Having had this patiently explained in this thread, why do you repeat what Royer's 'Waves of particle' says - are you treating it as Gospel?

billpress11
5 / 5 (2) Oct 30, 2015
Quote from a previous article:

"Shavera, I understand what you are saying. Where I find a contradiction is that Einstein dismissed the concept of a "preferred or fixed" frame of reference, but he then went on to state the speed of light was alway the same in any direction regardless of the motion of the light source. I agree with that totally. But doesn't that make the speed of light a fixed reference point? The measured velocity and the actual velocity would not be the same, the Sagnac Effect shows us that in moving objects. By measuring light's velocity in two or more direction from a moving source we should be able to establish a preferred frame of reference. And if it was the same as the earth's movement in the CBR it would only add further evidence."

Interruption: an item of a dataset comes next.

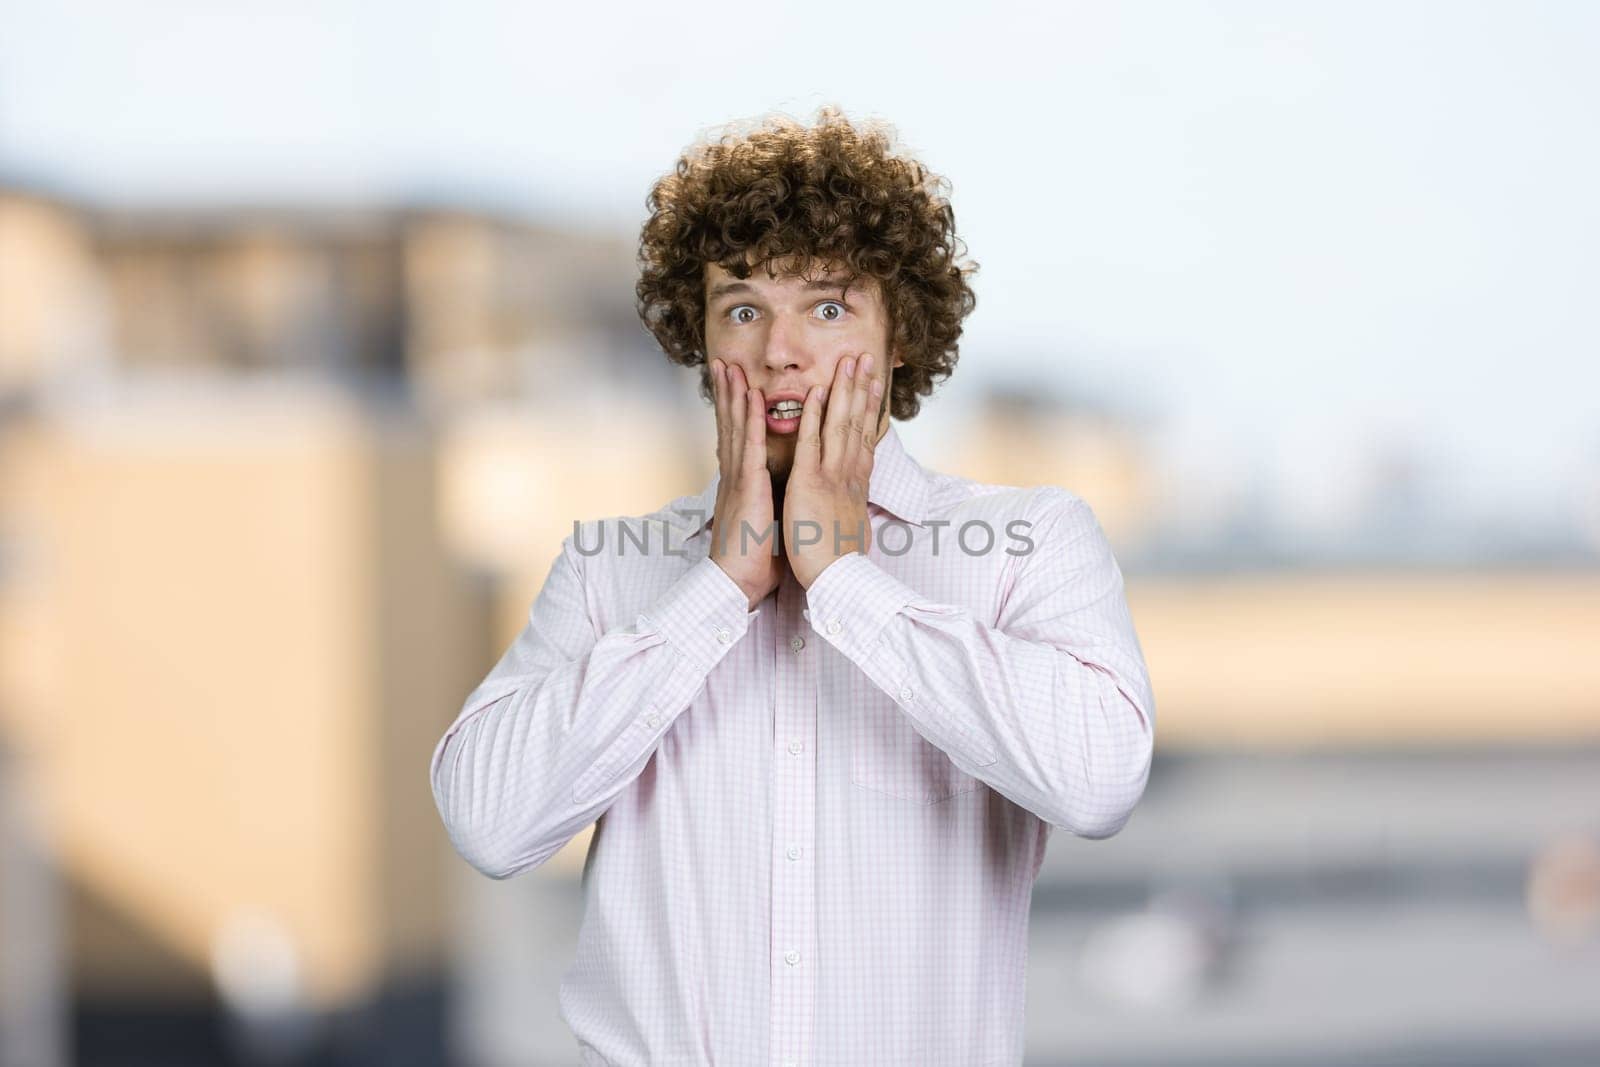 Portrait of shocked amazed young guy with curly hair touching his face. Blurred urban background.

Read more at: http://phys.org/n...html#jCp

This not an attempt to disparage Einstein, after all no one is always right, no not even me.
billpress11
5 / 5 (2) Oct 30, 2015
Quote Ira: "Why it got to be two photons, it can still be the same only photon wave just stretched out over more space."
"Seems to me that they are still being conserved, because even though the blue photon-wave has more energy in a little space, when it turns red it has the same amount of energy only it is spread out diluted in more space."

On your first quote, no that cannot cause the photoelectric effect for several reasons. One it would be the same amount of energy with just a longer wave length. Secondly that would give the electron being struck time to past some of the energy on to other parts of the atom or even radiate part of it away.

On your second quote, yes that it would have to be that way but now you would end up either a lower frequency photon with left over waves or one with too many waves.
RealScience
5 / 5 (4) Oct 30, 2015
Now comes along the powerful lasers of today that are able to cause the effect at lower frequencies than required by the photon theory. That is why the multiple photons of lower frequencies claim was added.

The absorption of two photons should requires two photon close together in space and time. The likelihood of this should scale with the square of the number of photons, and indeed the rate of such events has been measured as being proportional to the square of the intensity, so this result matches the predictions of 'photon theory'.


I believe Einstein's theories are mostly correct but there is room to question some of them.

Good. You should question everything, including the claims Royer makes about 'photon theory' in 'Waves of particles'.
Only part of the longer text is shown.